RAW DATA:

- - - - -

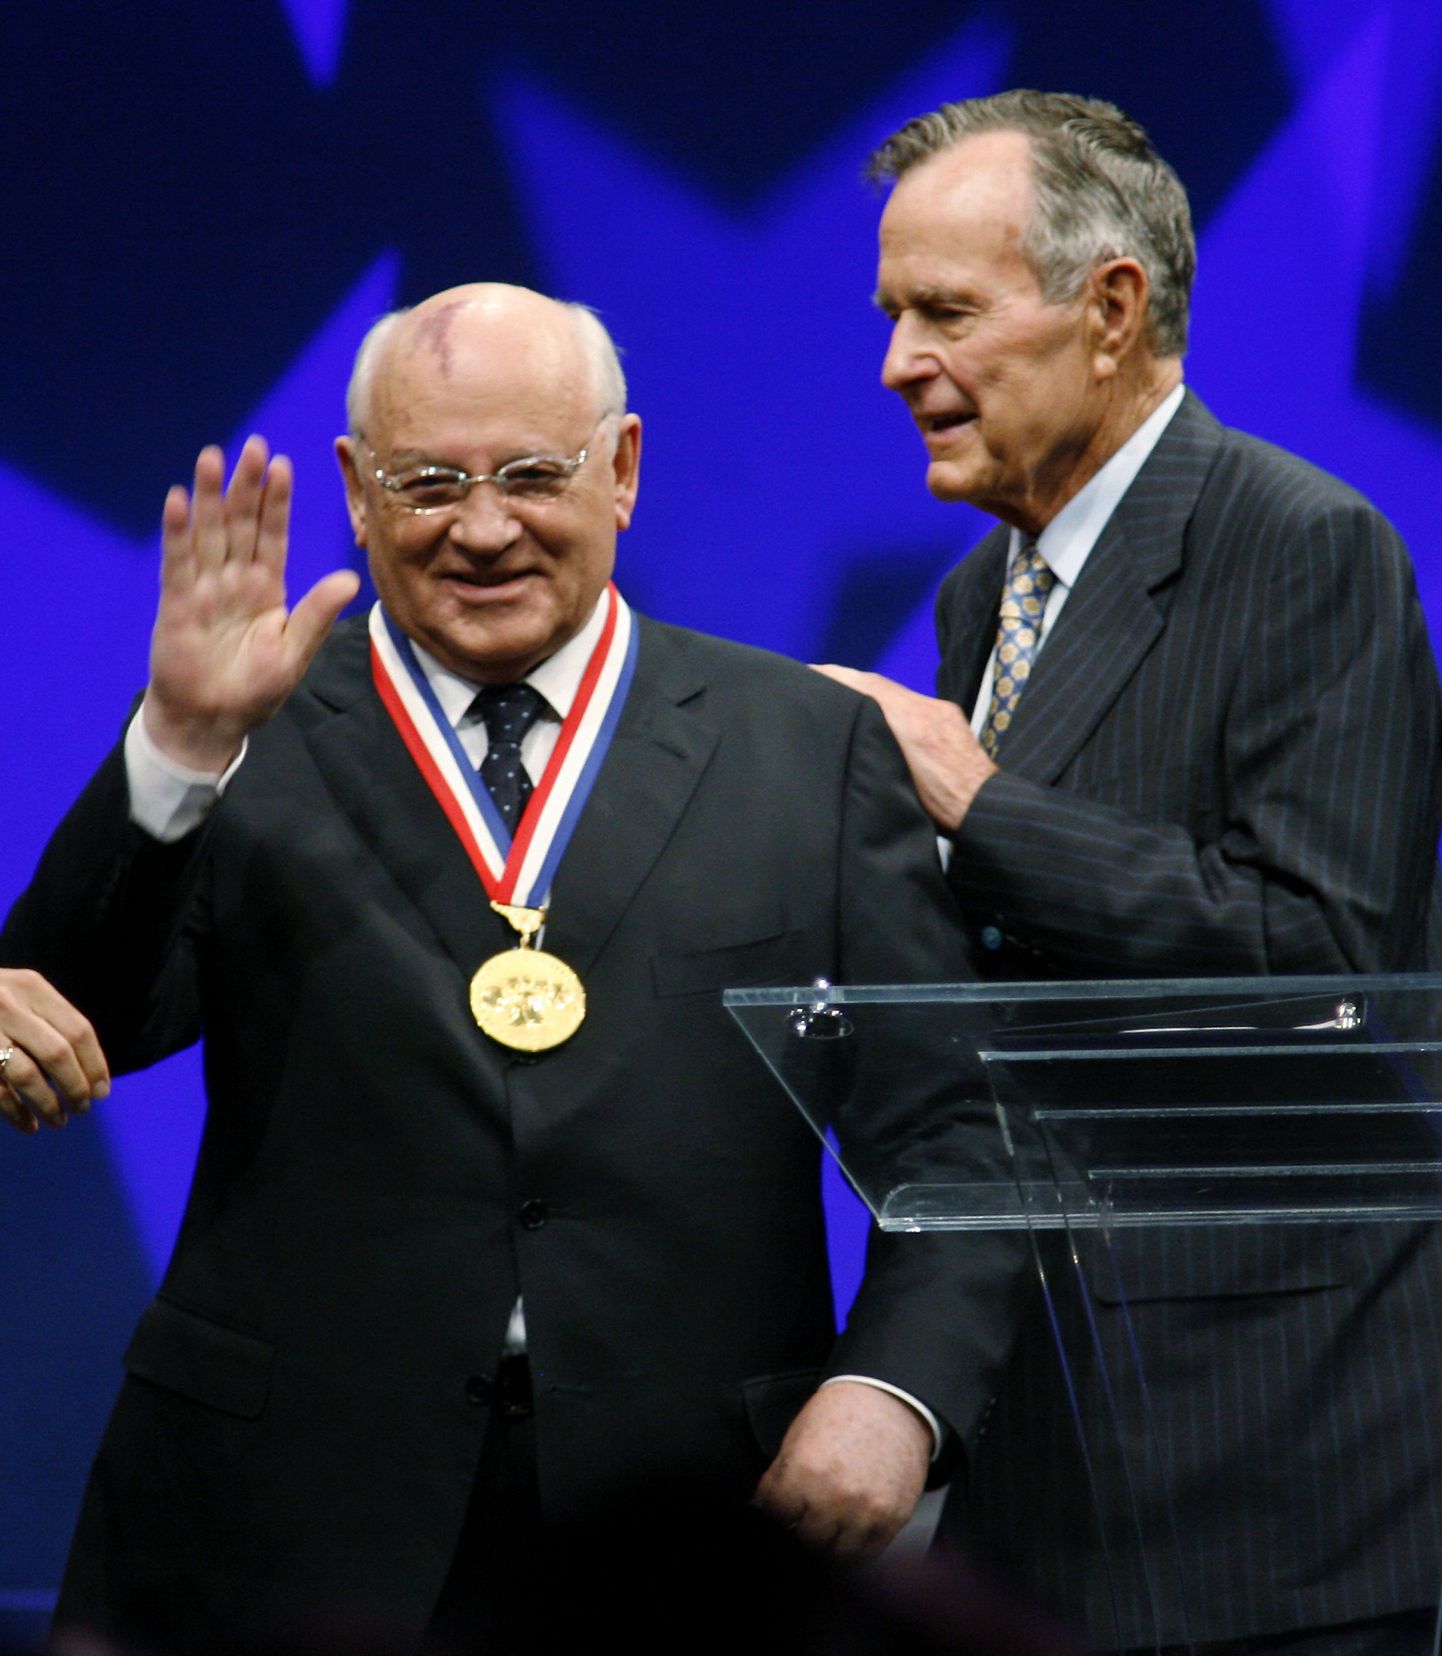 NSV Liidu viimane riigipea Mihhail Gorbatšov sai endiselt USA presidendilt George H.W. Bushilt oma panuse eest Külma sõja lõpetamisel Vabaduse Medali.
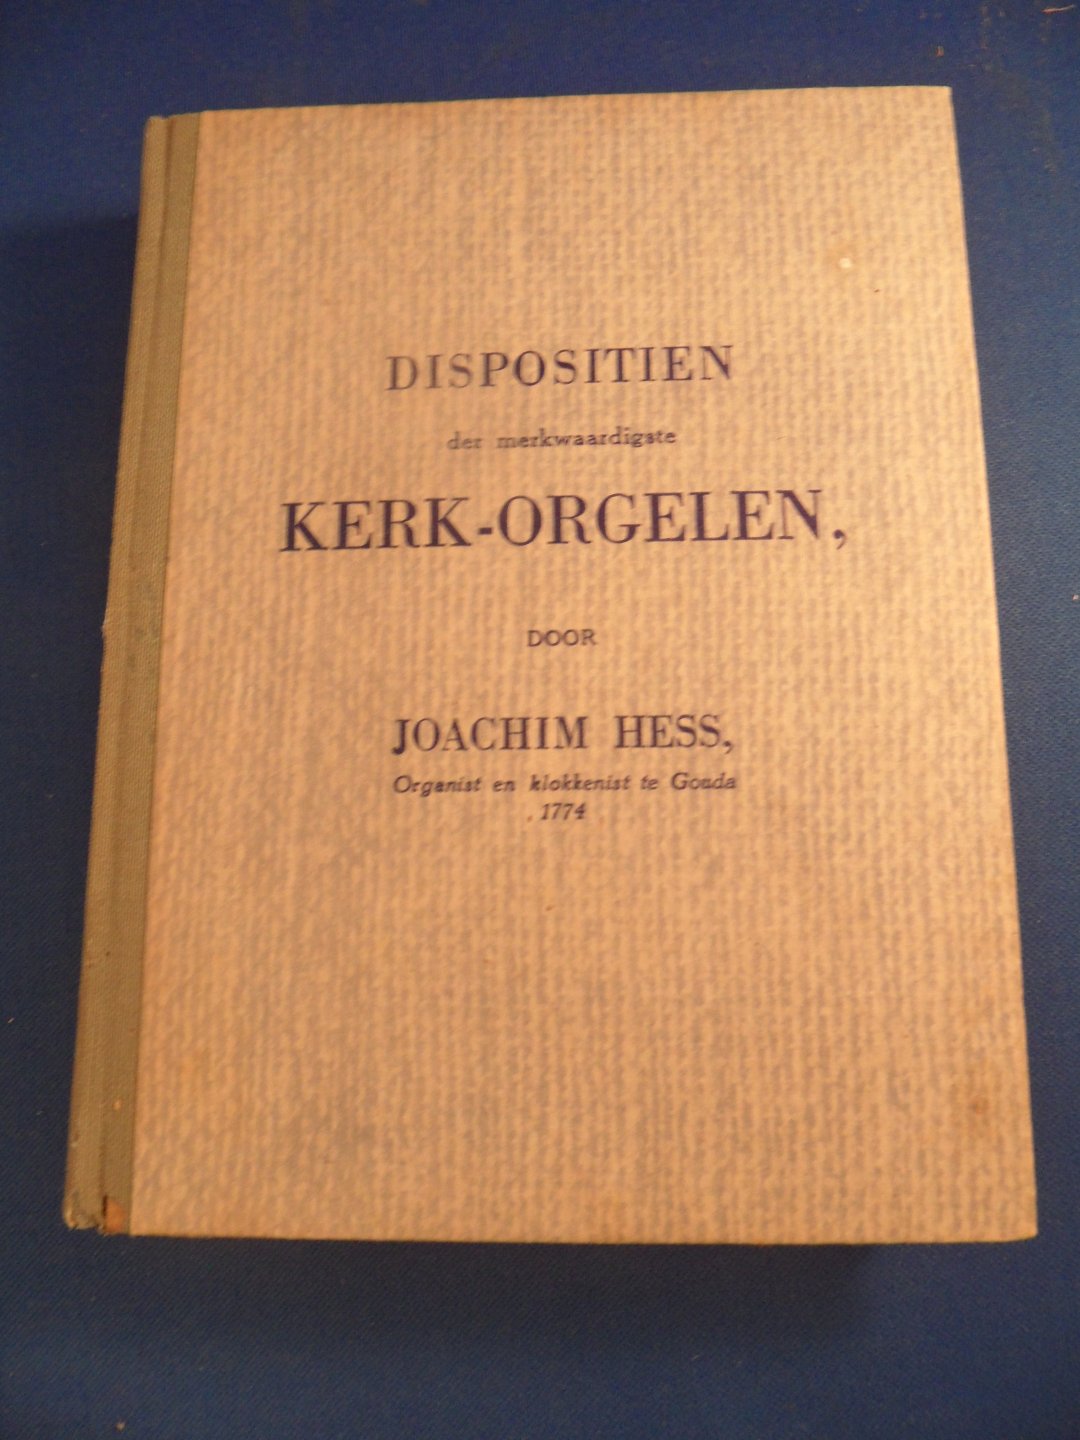 Hess, Joachim - Dispositien der merkwaardigste kerk-orgelen welke in de zeven Vereenigde Provincien als mede in Duytsland en Elders aangetroffen worden
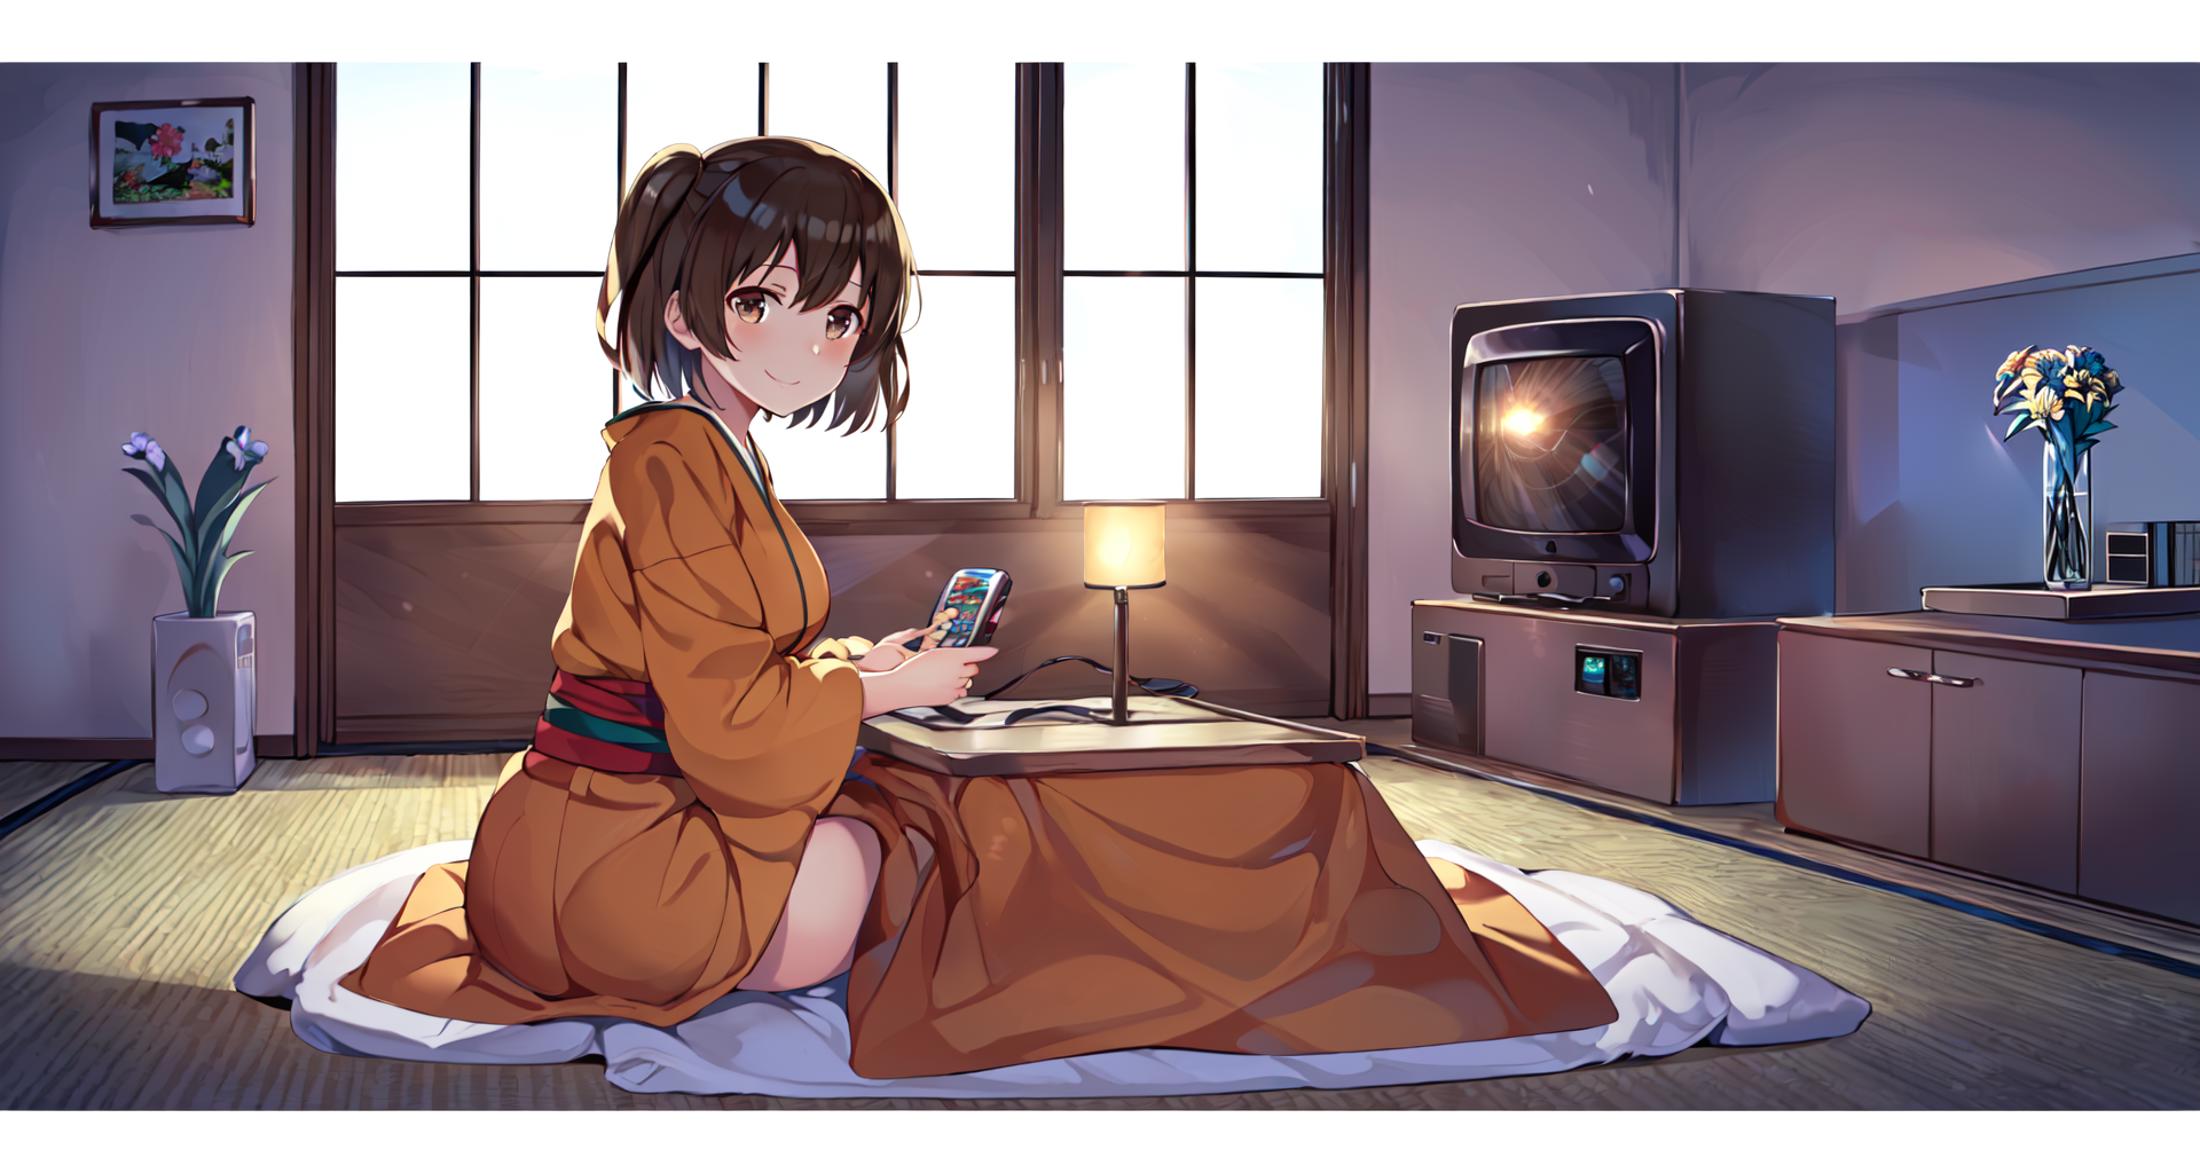 Kotatsu sitting at kotatsu | under kotatsu image by Machi

- - - - -

WHAT IS EXPECTED: Your output should consist solely of the lines from the line containing "Hess, Joachim - Dispositien" through the end of the data above, copied exactly, with images removed.

RESPONSE TO THIS EXERCISE:
 Hess, Joachim - Dispositien der merkwaardigste kerk-orgelen welke in de zeven Vereenigde Provincien als mede in Duytsland en Elders aangetroffen worden
 Kotatsu sitting at kotatsu | under kotatsu image by Machi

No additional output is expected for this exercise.